Re: [PATCH] Replica sends an incorrect epoch in its hot standbyfeedback to the Master
On 3/2/20 10:33 AM, Juan José Santamaría Flecha wrote: > On Fri, Feb 21, 2020 at 8:15 PM Palamadai, Eka <ekanatha@amazon.com > <mailto:ekanatha@amazon.com>> wrote: > > Please, do not top post on this list. > > Thanks a lot for the feedback. Please let me know if you have any > further comments. Meanwhile, I have also added this patch to > "Commitfest 2020-03" at https://commitfest.postgresql.org/27/2464. > > > Apparently, there are a couple of duplicate entries in the commitfest > as: https://commitfest.postgresql.org/27/2463/ and > https://commitfest.postgresql.org/27/2462/ > > Could close those as "withdrawn"? I have marked the duplicate entries 2462 and 2463 as withdrawn. -- -David david@pgmasters.net
Re: [PATCH] Replica sends an incorrect epoch in its hot standbyfeedback to the Master
On Sat, Feb 22, 2020 at 6:10 AM Palamadai, Eka <ekanatha@amazon.com> wrote: > Thanks a lot for the feedback. Please let me know if you have any further comments. Meanwhile, I have also added this patchto "Commitfest 2020-03" at https://commitfest.postgresql.org/27/2464. Thanks for the excellent reproducer for this obscure bug.
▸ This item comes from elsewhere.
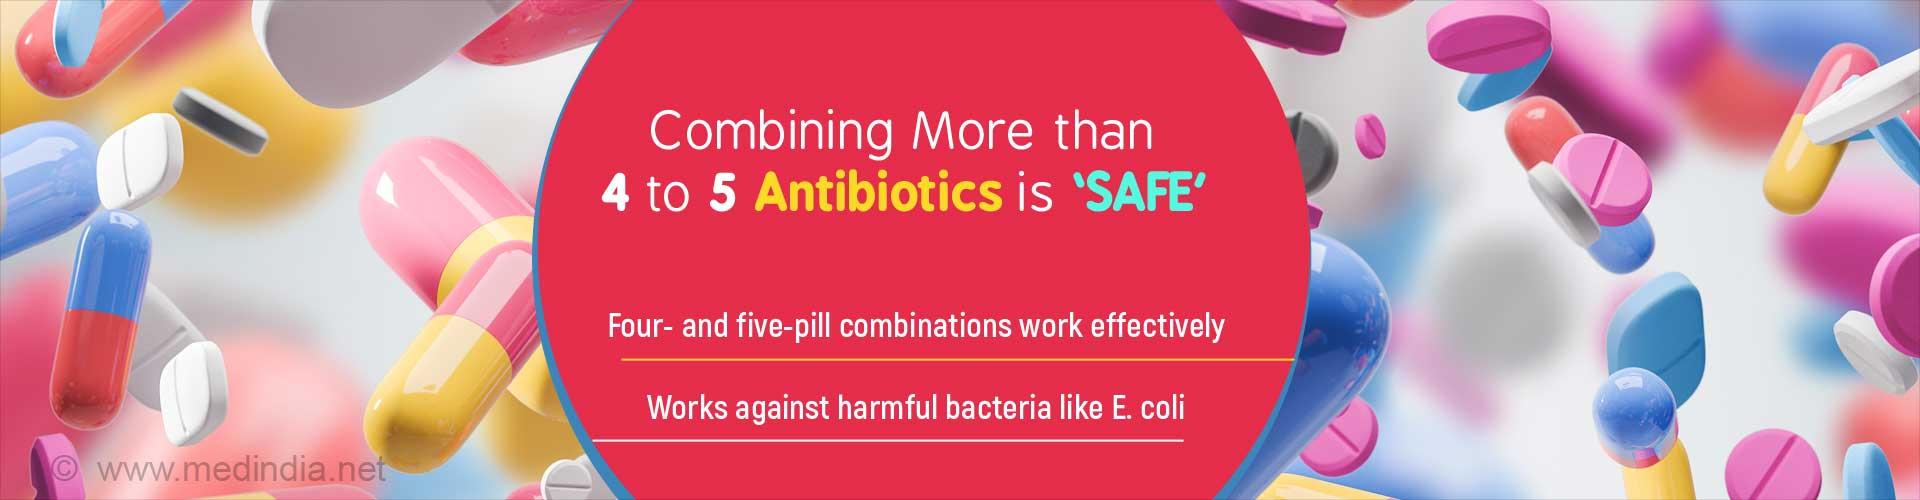 Combining 4 to 5 Antibiotics can Help Kill Harmful Bacteria

You said the problem exists in 9.6-11, but I'm also able to reproduce it in 9.5. That's the oldest supported release, but it probably goes back further. I confirmed that this patch fixes the immediate problem. I've attached a version of your patch with a commit message, to see if anyone has more feedback on this.
Attachment
Re: [PATCH] Replica sends an incorrect epoch in its hot standbyfeedback to the Master
On Wed, Mar 11, 2020 at 7:47 PM Thomas Munro <thomas.munro@gmail.com> wrote: > On Sat, Feb 22, 2020 at 6:10 AM Palamadai, Eka <ekanatha@amazon.com> wrote: > > Thanks a lot for the feedback. Please let me know if you have any further comments. Meanwhile, I have also added thispatch to "Commitfest 2020-03" at https://commitfest.postgresql.org/27/2464. > > Thanks for the excellent reproducer for this obscure bug. You said > the problem exists in 9.6-11, but I'm also able to reproduce it in > 9.5. That's the oldest supported release, but it probably goes back > further. I confirmed that this patch fixes the immediate problem. > I've attached a version of your patch with a commit message, to see if > anyone has more feedback on this. Pushed.